Studien der EU-Kommission zum Berufsrecht

Heilberufe rücken in den Fokus

Die EU-Kommission begleitet die aktuelle Diskussion zur Zukunft des Berufsrechts gezielt durch Studien: Sie sollen die Auswirkungen beruflicher Regeln auf den freien EU-Binnenmarkt prüfen. Laut Kommission tun sich hier Hindernisse auf. Deswegen geraten auch die Berufsregeln der Heilberufe immer mehr in den Fokus – und werden seit Kurzem mit der Qualität von Leistungen in Verbindung gebracht. Ist durch mehr Markt die Qualität in Gefahr? Und sind auch die Zahnärzte betroffen?
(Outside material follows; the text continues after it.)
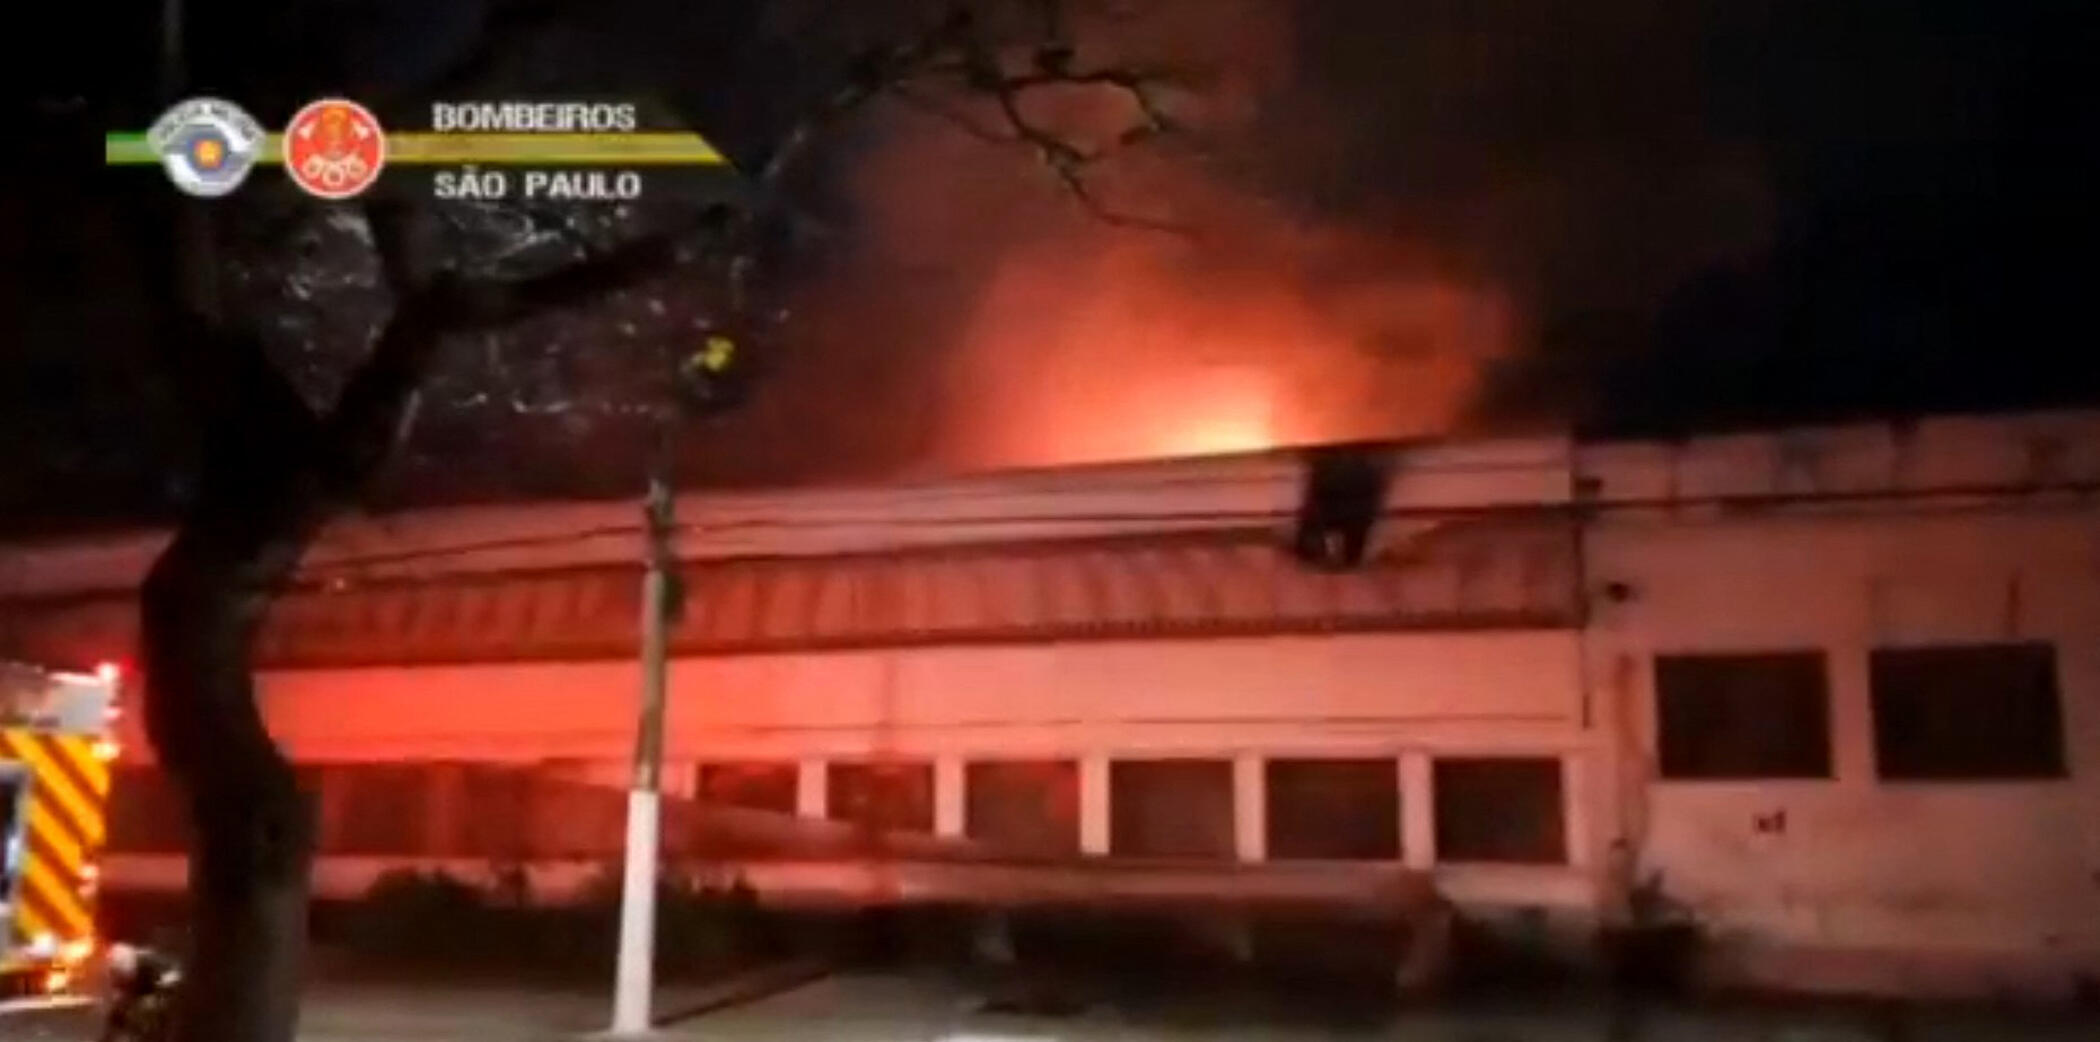 bresil incendie mediatheque

Die BZÄK warnt vor einer Aufweichung des Berufsrechts.

Bei der EU-Kommission ist eine neue Strategie erkennbar, mit der sie der Mobilität in Europa mehr Auftrieb verschaffen will: Sie begleitet die aktuelle Diskussion über die Zukunft des Berufsrechts gezielt mit der Beauftragung wissenschaftlicher Studien und lässt untersuchen, inwieweit nationale Berufsregeln ein Hemmnis für den freien Dienstleistungsverkehr in Europa darstellen.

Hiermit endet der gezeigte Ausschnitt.